Psalm 128 makes it clear that the personal state of bliss associated with wisdom is connected to the worship of God. It states:

Blessed is everyone who fears the Lord,
    who walks in his ways!
You shall eat the fruit of the labor of your hands;
    you shall be blessed, and it shall be well with you.

Your wife will be like a fruitful vine
    within your house;
your children will be like olive shoots
    around your table.
Behold, thus shall the man be blessed
    who fears the Lord.

The Lord bless you from Zion!
    May you see the prosperity of Jerusalem
    all the days of your life!
May you see your children’s children!
    Peace be upon Israel!

Even though Psalm 128 is directed toward the people of Israel, it indicates in verse one of this psalm that everyone who fears the LORD and walks in his ways will be blessed, or more specifically, will experience a state of bliss (H835).

Jesus eluded to believers experiencing a state of bliss in his Sermon on the Mount.

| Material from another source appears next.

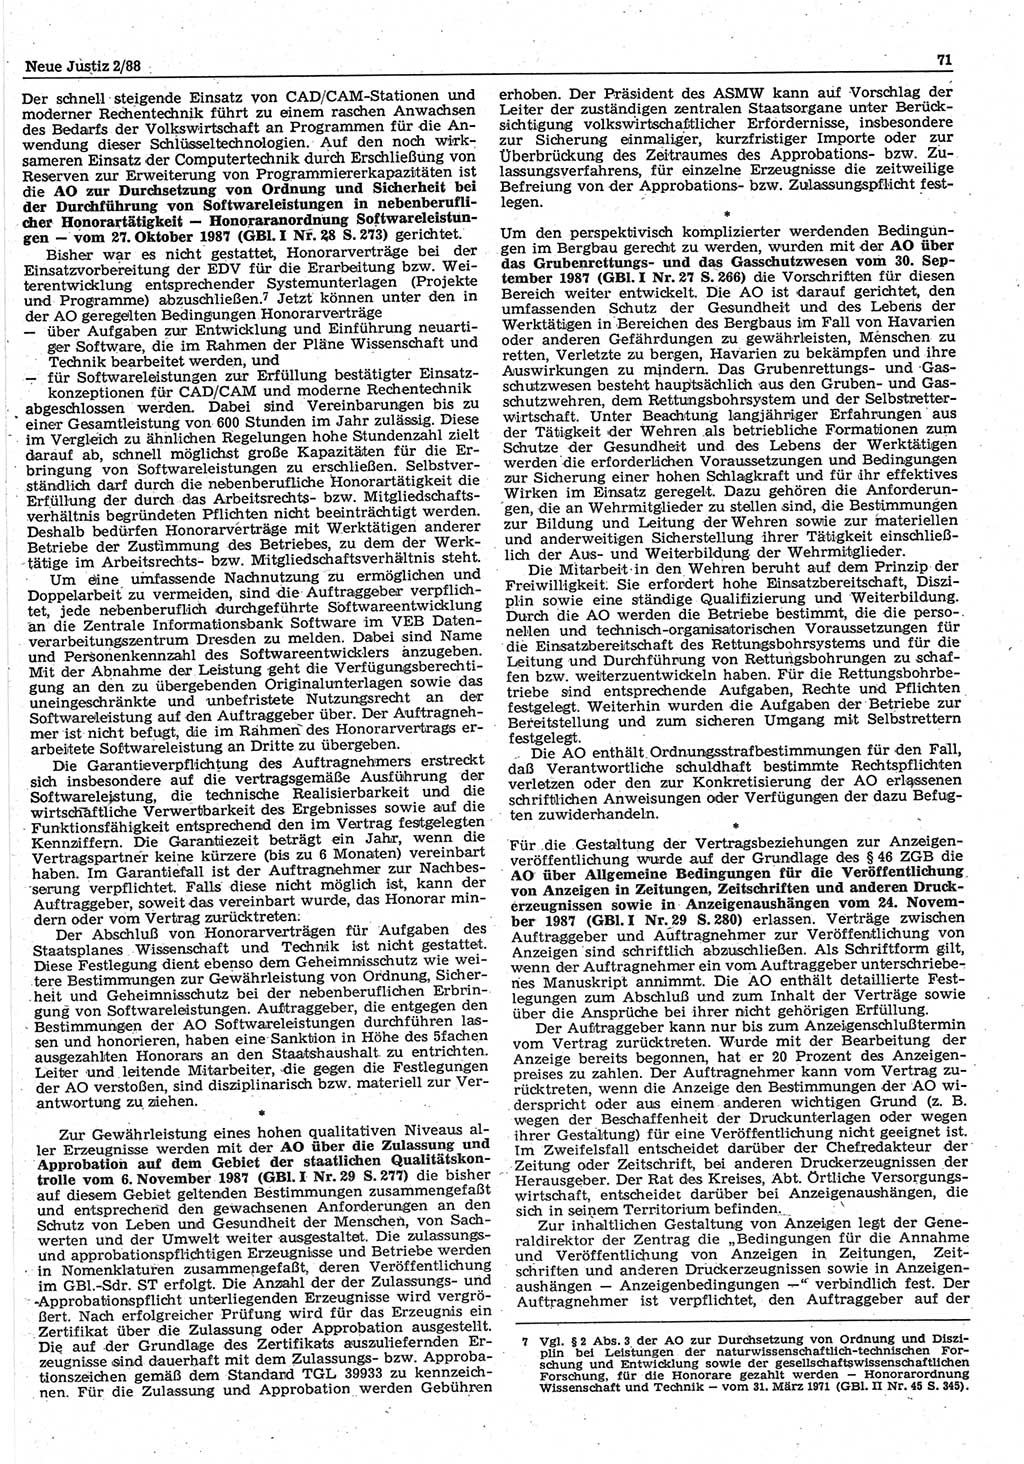 Neue Justiz (NJ), Zeitschrift für sozialistisches Recht und Gesetzlichkeit [Deutsche Demokratische Republik (DDR)], 42. Jahrgang 1988, Seite 71 (NJ DDR 1988, S. 71)

He said, “Blessed are you when others revile you and persecute you and utter all kinds of evil against you falsely on my account. Rejoice and be glad, for your reward is great in heaven” (Matthew 5:11-12). The Greek word that is translated rejoice, chairo (khahʾ-ee-ro) means “to be ‘cheer’ful, i.e. calmly happy or well-off” (G5463). Two Greek words that are derived from chairo, chara (khar-ahˊ) and charis (kharˊ-ece) link together God’s grace and the state of bliss that Jesus associated with Christian persecution. The epistle of James takes it one step further by connecting bliss with the testing of our faith. James said, “Count it all joy (bliss) my brothers when you meet trials of various kinds, for you know that the testing of your faith produces steadfastness. And let steadfastness have its full effect, that you may be perfect and complete, lacking nothing” (James 1:2-4). James concluded his discussion of suffering by stating, “We think of those who stayed true to Him as happy even though they suffered. You have heard how long Job waited. You have seen what the Lord did for him in the end. The Lord is full of loving-kindness and pity” (James 5:11, NLV).